Quiconque envisage une telle démarche doit mal comprendre la loi. En vertu du règlement sur les avocats spéciaux, seul le procureur général – et non le président – peut nommer un avocat spécial. Il y a un argument selon lequel le président, en tant que chef du pouvoir exécutif, peut ordonner au procureur général de prendre rendez-vous. Mais c’est au mieux juridiquement discutable et conduirait à une politisation dommageable du ministère de la Justice.
De plus, le règlement autorise la nomination d’un avocat spécial uniquement lorsqu’une «enquête criminelle sur une affaire ou une personne est justifiée» et que l’affaire présente un conflit d’intérêts pour le ministère de la Justice ou «d’autres circonstances extraordinaires». Les affirmations complètement démenties de Trump de fraude électorale généralisée ne répondent à aucun de ces critères.

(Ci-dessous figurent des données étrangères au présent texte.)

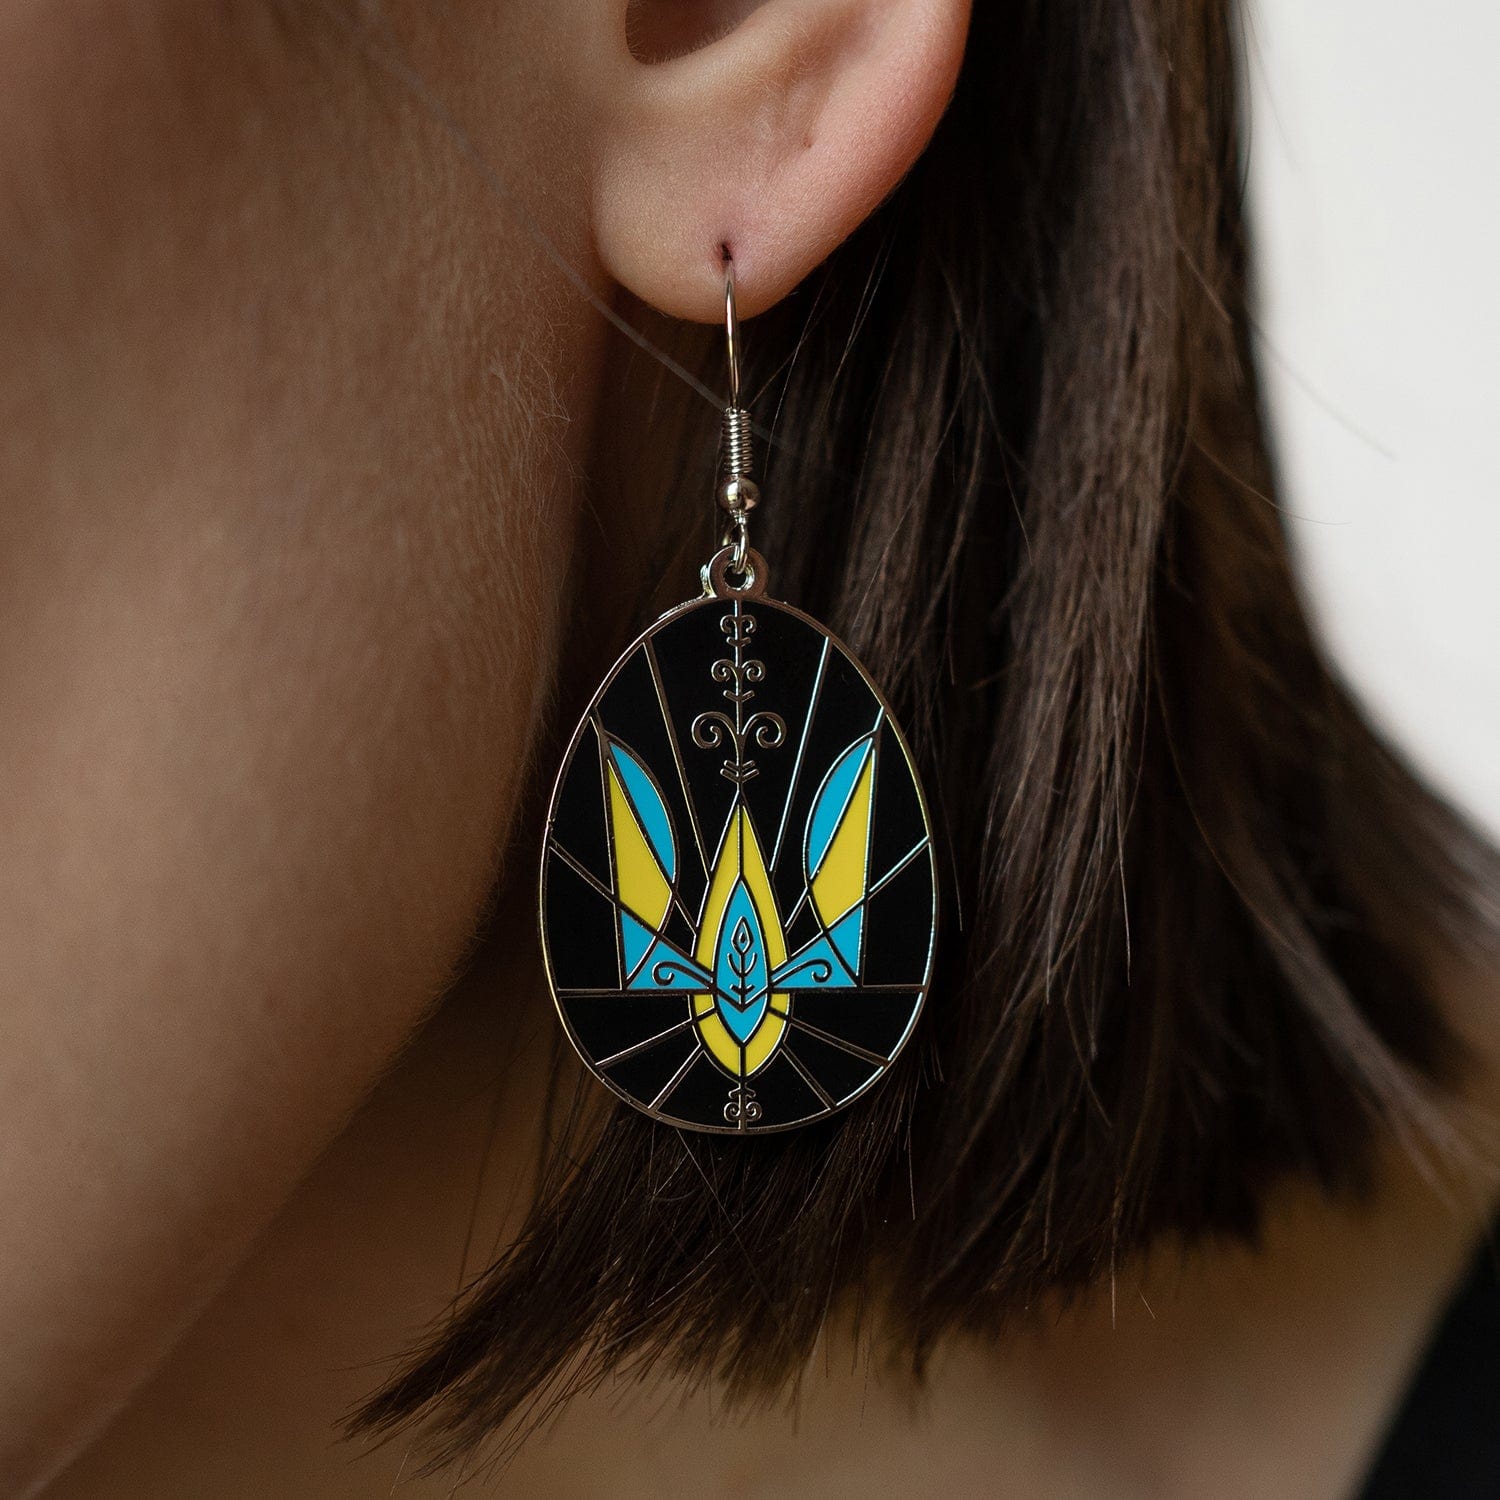 Ukrainian Easter Egg (Pysanky) Earrings - Trident

Les règlements exigent qu’un conseil spécial “soit choisi en dehors du gouvernement des États-Unis”. Cette exigence ne disqualifierait pas Powell, qui ne travaille plus pour le gouvernement. Mais les règlements exigent également que l’avocat spécial soit «un avocat réputé pour son intégrité et son impartialité dans la prise de décision». Compte tenu des récentes approbations de Powell de théories prouvées fausses sur la fraude électorale et de sa politique manifeste de soutien à Trump, elle semble ne pas répondre à ces exigences.
S’il était nommé avocat spécial, Powell détiendrait un pouvoir formidable qu’elle est tout simplement inapte à exercer. Premièrement, un avocat spécial détient essentiellement tous les pouvoirs d’un mandataire américain – y compris le pouvoir de délivrer des assignations à comparaître, d’obtenir des mandats de perquisition et d’engager des poursuites pénales fédérales. L’idée de donner à Powell ce genre d’autorité, compte tenu de sa récente conduite, est alarmante.
À certains égards, un avocat spécial détient encore plus de pouvoirs qu’un avocat américain typique. Un avocat spécial a de vastes pouvoirs en vertu des règlements pour «déterminer si et dans quelle mesure il doit informer ou consulter le procureur général» au sujet d’une enquête.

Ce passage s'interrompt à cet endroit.